La qualification de la France insoumise comme mouvement d’extrême gauche par l’exécutif a suscité une réponse ferme de ses principaux représentants. Manuel Bompard, coordinateur du parti, a vivement contesté cette classification, estimant qu’il ne revenait pas au chef de l’État de définir le positionnement de ses opposants. Il a assimilé cette démarche à une méthode consistant à disqualifier toute divergence, évoquant une pratique qu’il juge comparable à celle de l’ancien président américain Donald Trump.

De son côté, Éric Coquerel, président de la commission des Finances de l’Assemblée nationale, a qualifié ces propos d’inqualifiables. Il y voit une tentative de discréditer le mouvement en l’associant à l’antisémitisme, en raison de ses prises de position critiques à l’égard de la politique du gouvernement israélien.
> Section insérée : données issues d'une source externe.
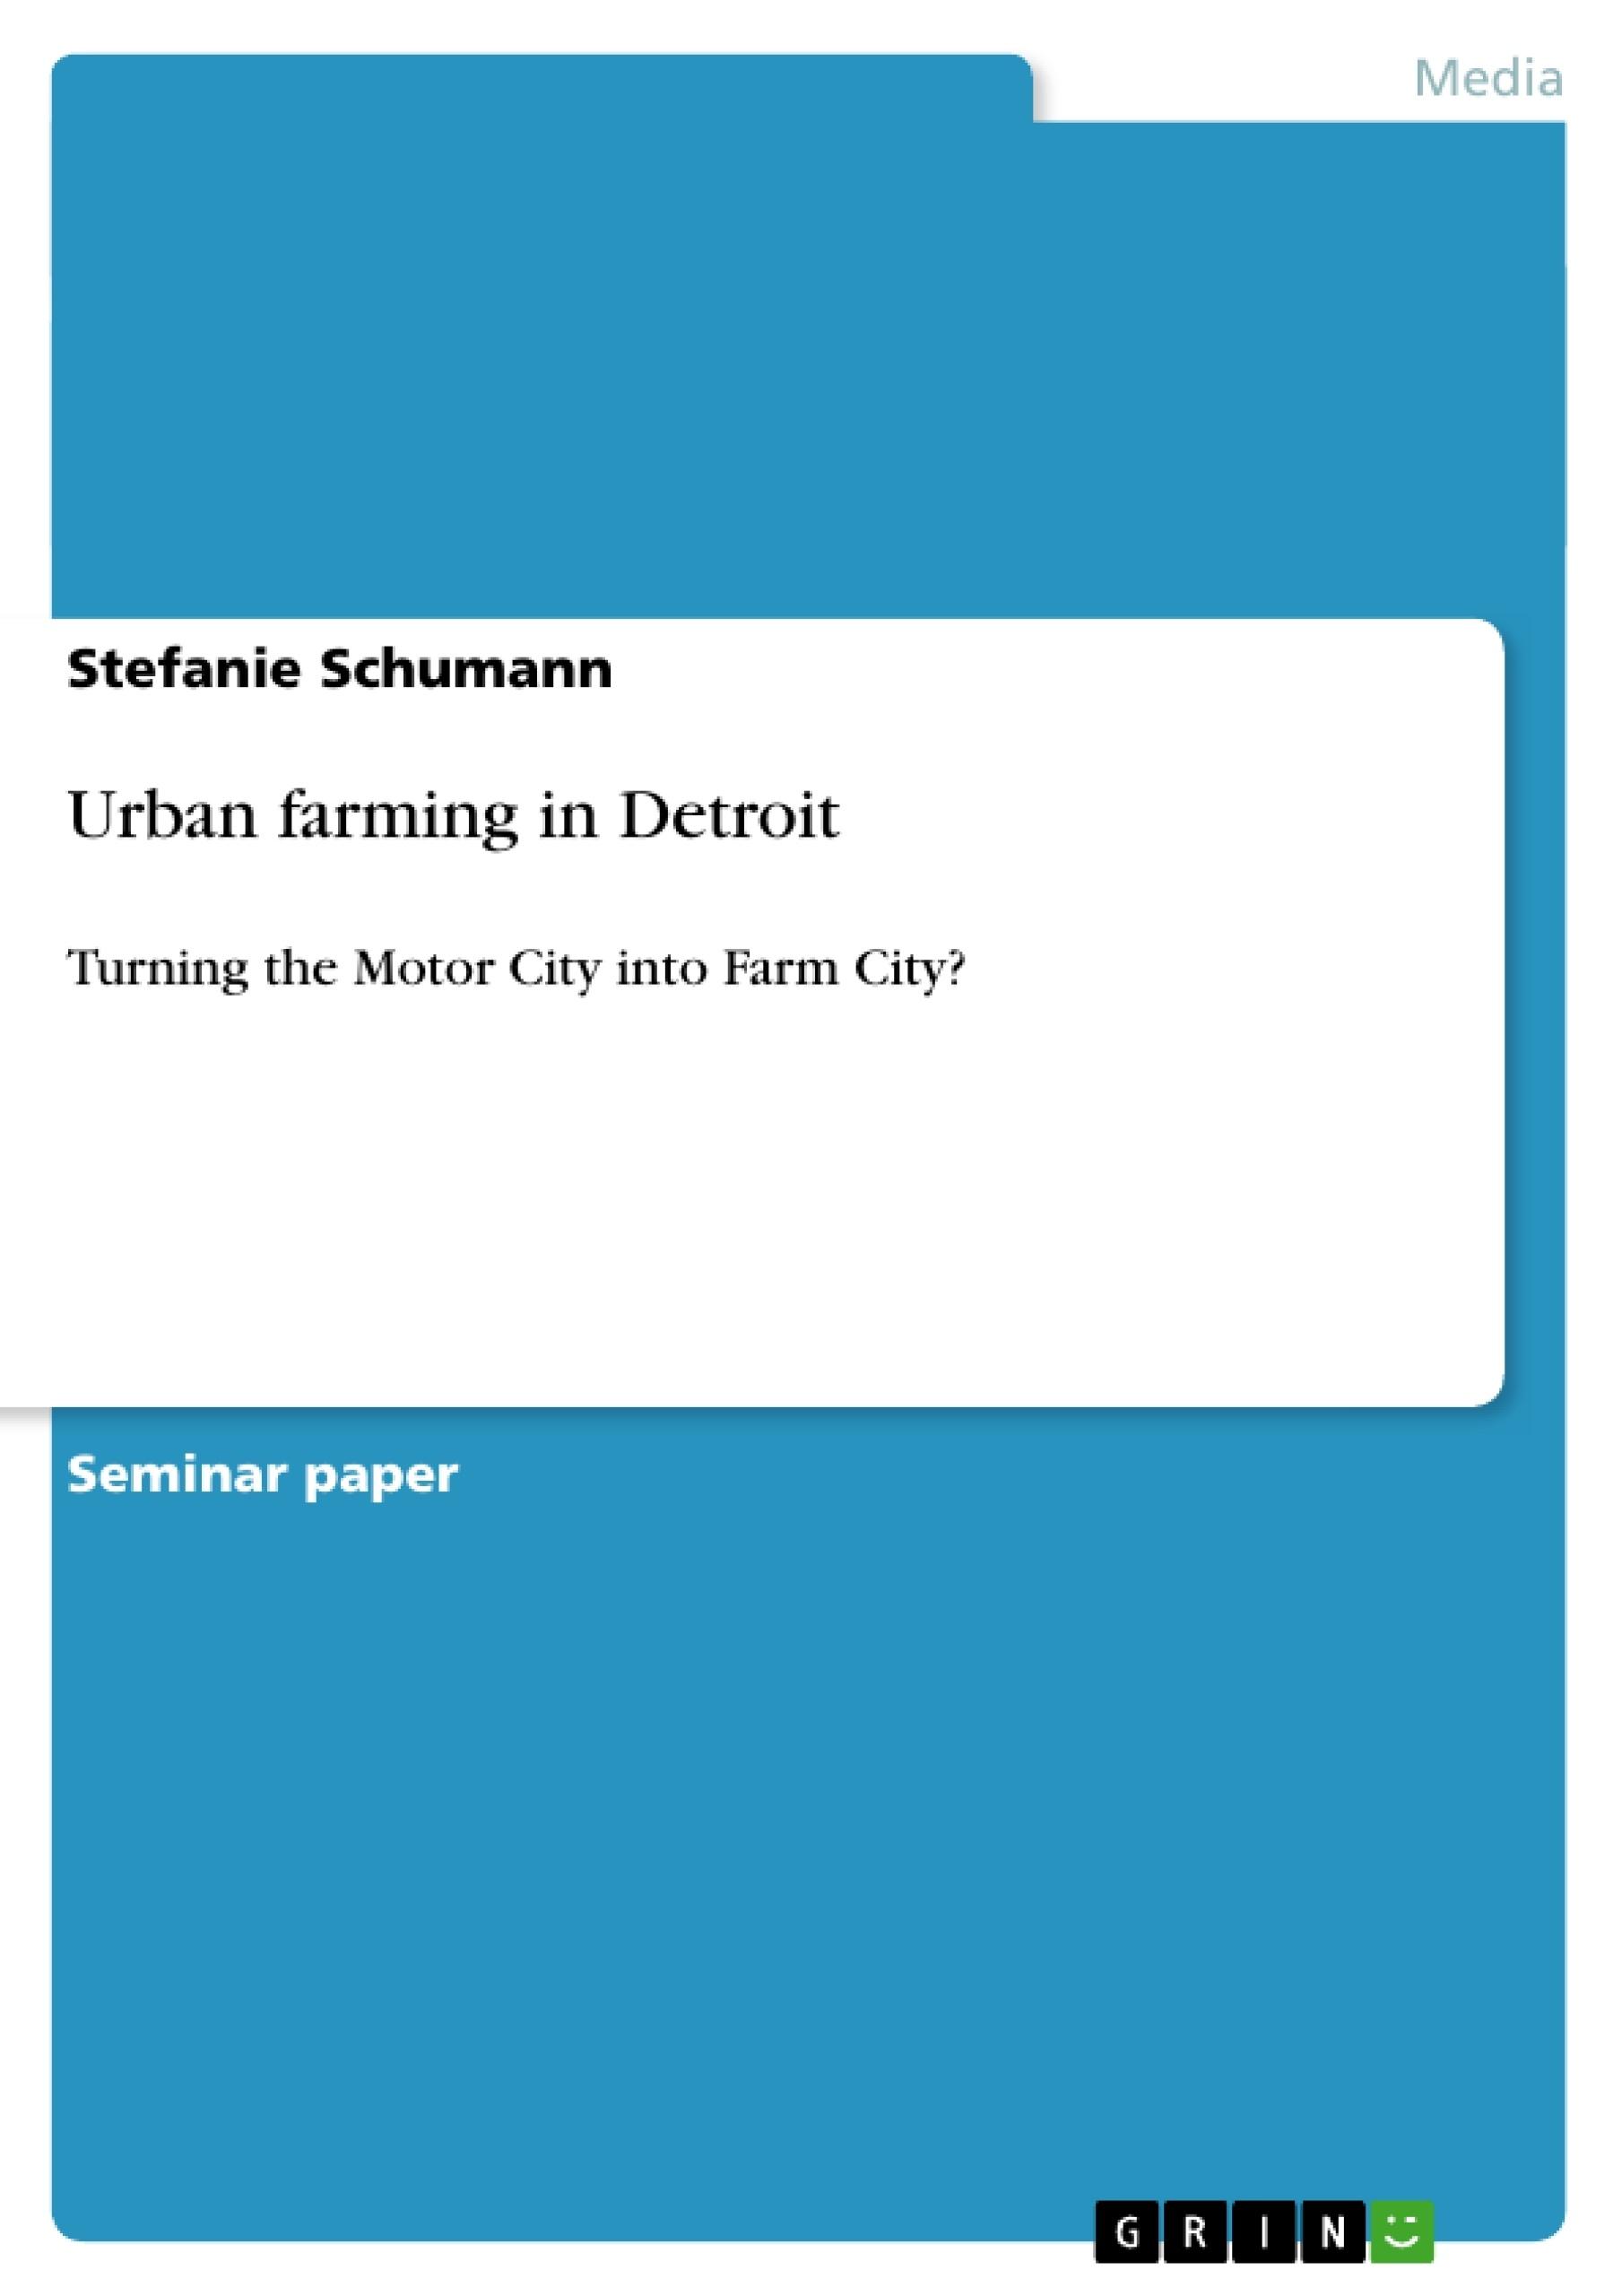 Title: Urban farming in Detroit

Pour lui, l’emploi du terme extrême gauche relève d’une stratégie visant à diaboliser la gauche radicale, servant d’épouvantail plutôt que d’une description objective.

Cette polémique lexicale intervient dans un contexte où le ministère de l’Intérieur a récemment intégré la formation de Jean-Luc Mélenchon dans cette catégorie, un classement que le président de la République a ensuite endossé. Les réactions des deux élus insoumis soulignent la sensibilité et les enjeux politiques qui entourent l’étiquetage des partis, perçu comme un instrument de combat politique autant qu’un simple exercice de cartographie idéologique.